Samedi 30 janvier 2016, plusieurs centaines de milliers de manifestants se sont rassemblés au Circo Massimo, l’ancien champ de course de Rome, pour dire non au projet de loi Cirinnà autorisant le « mariage » et l’adoption pour les couples de même sexe. Non, la famille italienne ne sera pas « mise à la casse », comme veut l’y plonger le chef du gouvernement, Matteo Renzi. Sous un ciel pourtant très couvert, la foule était au rendez-vous pour défendre la famille traditionnelle. « Une société qui ne met plus de limites est une société qui devient folle », a lancé depuis la tribune Massimo Gandolfini, chef de file de la Manif pour tous Italia, exportation française par delà les Alpes.

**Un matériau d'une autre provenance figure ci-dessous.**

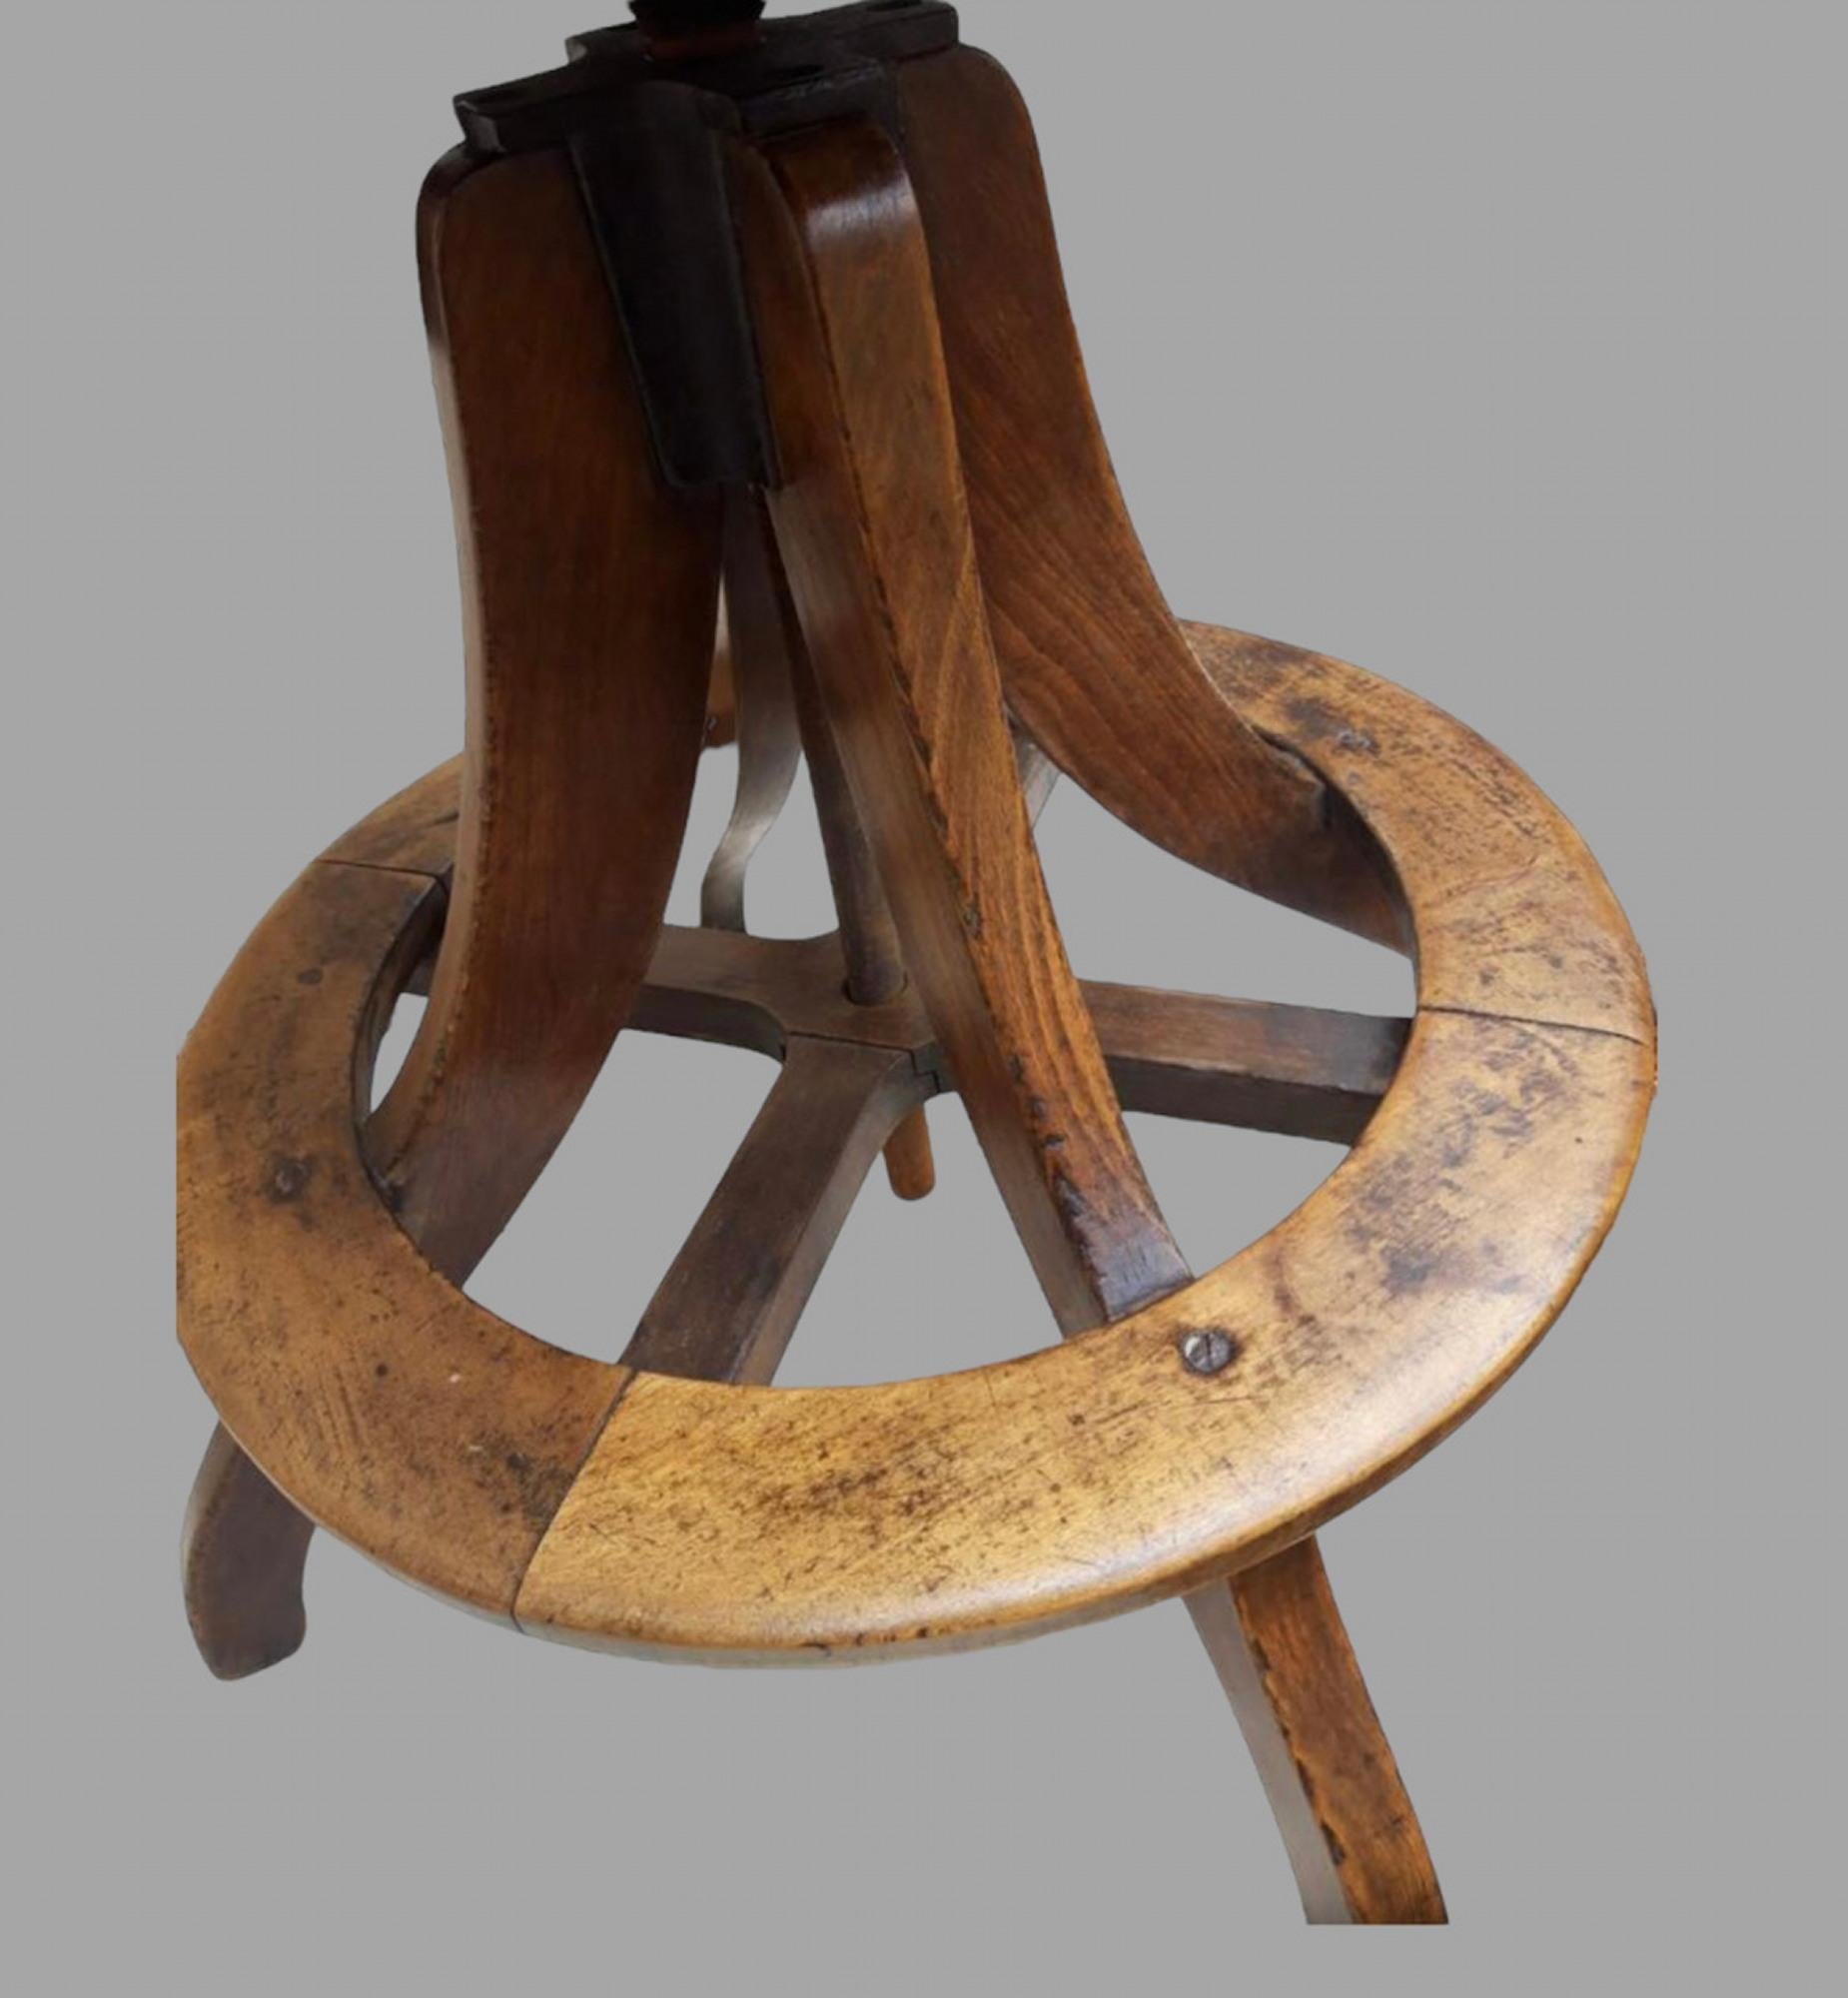 Early 20th Century An Artists/Work Chair c1910
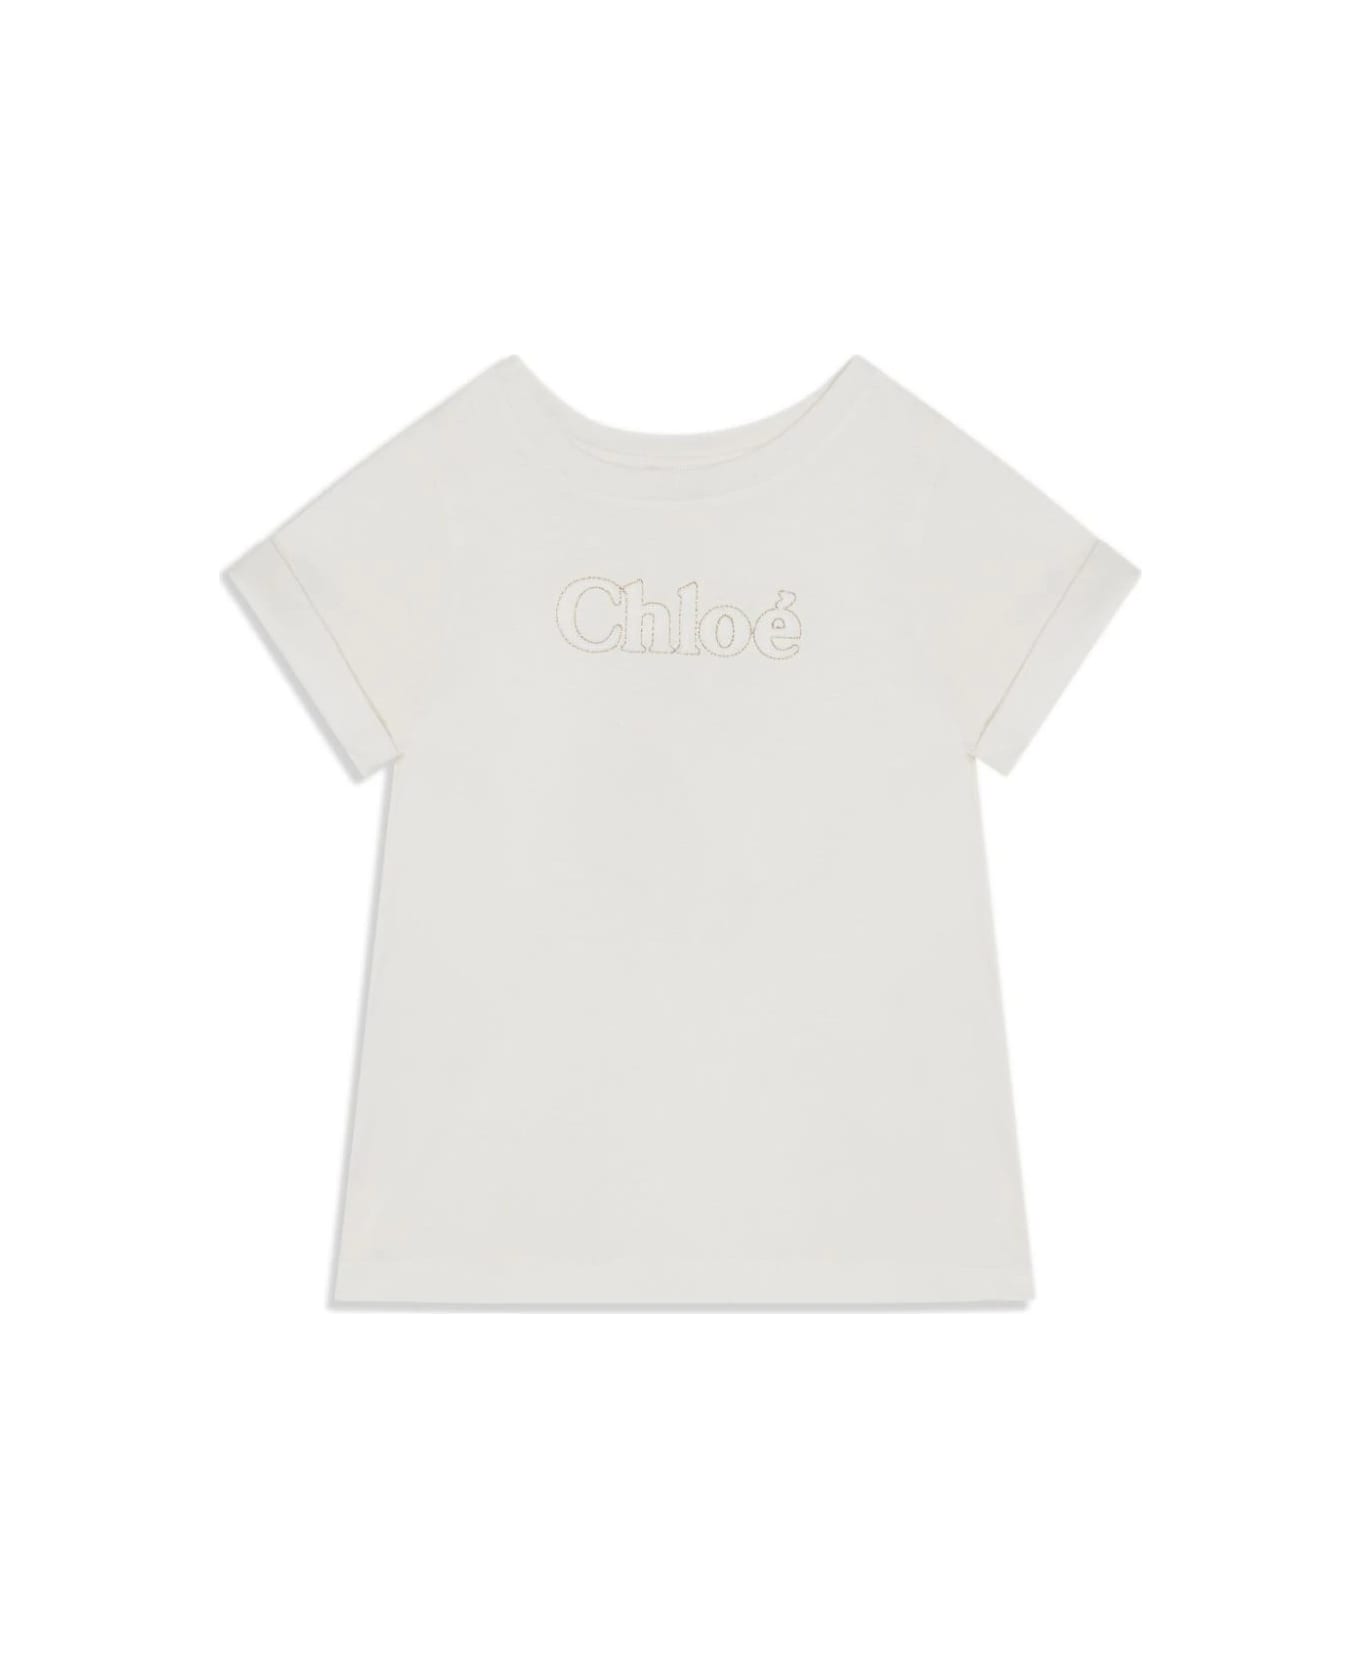 Chloé White T-shirt With Embroidered Logo - White

La présidente de la Manif pour Tous France, Ludovine de la Rochère, a d’ailleurs apporté tout son soutien à cette mobilisation massive. « Faire volontairement des orphelins de père ou de mère: ça n’est humainement pas acceptable », a-t-elle déclaré. En effet, si le projet d’union civile débattu au Sénat divise la société comme le gouvernement italiens, l’adoption pour les couples homosexuels reste fortement rejetée. « Au moment des élections, nous nous souviendrons de ceux qui se tenaient du côté de la famille et des enfants, et des autres, qui rendent possible la pratique abominable des utérus à louer », a scandé M. Gandolfini, jugeant qu’il s’agissait-là d’un texte que les féministes des années 70 devraient rejeter.

À ce propos, la féministe américaine Jennifer Lahl est venue à la tribune pour témoigner de la situation en Californie, « capitale mondiale du tourisme reproductif ». « En ce moment même, deux mères porteuses sont enceintes de triplés. Mais on leur demande de n’en garder que deux, le troisième n’étant pas voulu. La GPA est une exploitation des femmes, ce qui les rend esclaves et les traite comme des productrices d’enfants contre paiement », a-t-elle déclaré sous les applaudissements. Pour elle, cette pratique prétendument progressiste et libératrice relègue les enfants au statut de « marchandises à acheter et à vendre. C’est une industrie qui répond aux désirs des parents sans se soucier des besoins des enfants. »

Solidement implantée dans la société italienne, l’Église catholique participe également à cette défense de la famille traditionnelle, même si le Vatican n’a pas appelé ouvertement à manifester samedi. Vendredi, la Conférence épiscopale italienne (CEI) a rappelé sa « préoccupation » devant toute tentative de mettre « sur le même plan » le mariage et les unions civiles avec l’introduction d’une « alternative à la famille ». 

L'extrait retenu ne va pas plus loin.